Rinse the beans in a colander to remove dirt and debries.
Put the rinsed beans in inner pot of Instant Pot.
Add salt, taco seasoning and kombu.
Pour in the water.
Close the lid, turn the knob to sealing, set the Instant Pot to Pressure Cooker/Manual for 25 minutes on high. (It took about 10 minutes for the pot to come to pressure.)
Once the time is up, allow the pressure to release naturally, which means let it sit for about 25 minutes. You can unplug the pot. Once the pin drops, carefully open the lid.

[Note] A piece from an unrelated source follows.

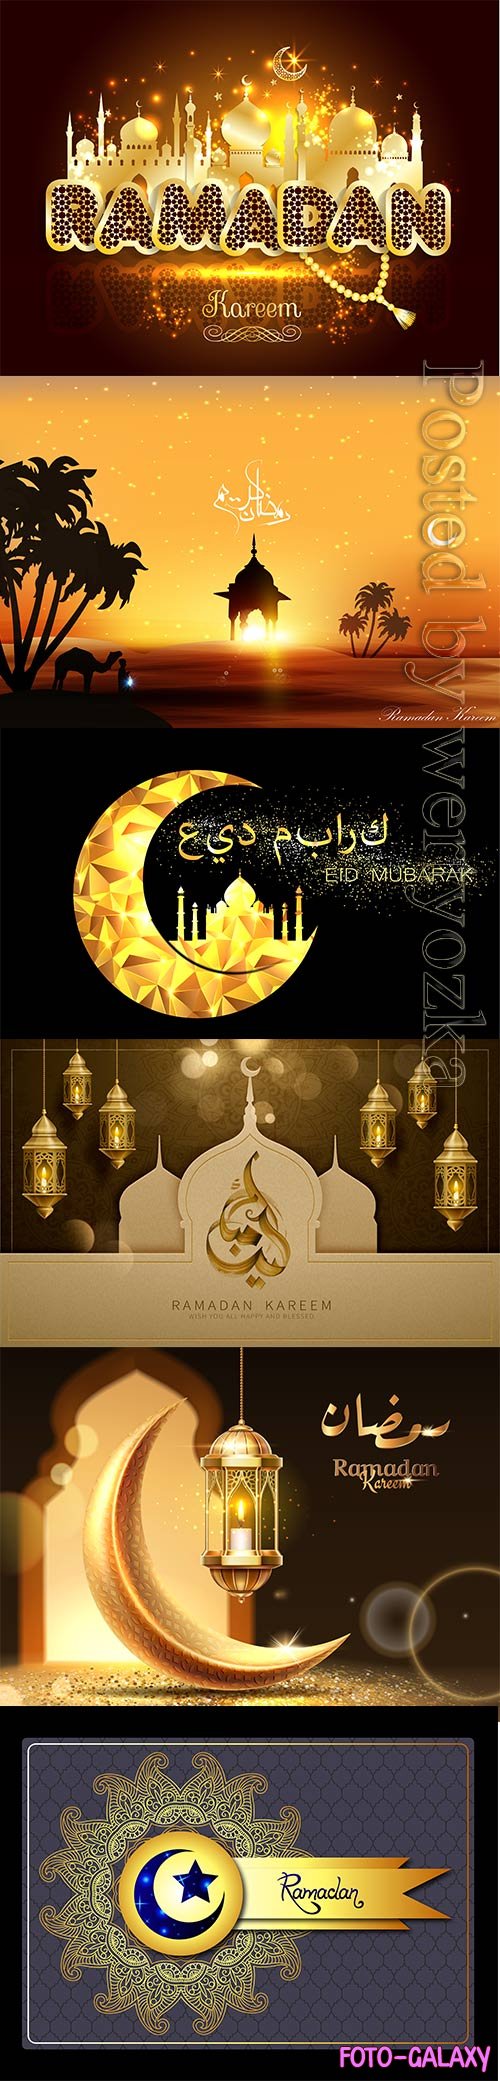 Ramadan kareem, eid mubarak vector illustration

To store the beans, transfer into freezer-friendly container and store in the fridge for up to 5 days, or in freezer for up to 3 months. I like to store in 2-cup amount, which is equivalent to 1 (15oz) can.
Notes
This recipe has been tested in my favorite Instant Pot DUO 6qt.Note 1: You don't have to use taco seasoning, but it's quick and easy way to add flavor to the beans. Instead of taco seasoning, you can also add onions, garlic, bay leaf, any kind of herbs.Note 2: Some believe that cooking the beans with kombu reduces the gas-producing properties of beans. If you don't have it, skip it.Note 3: Boiling water helps to cut down on time for Instant Pot to come to pressure.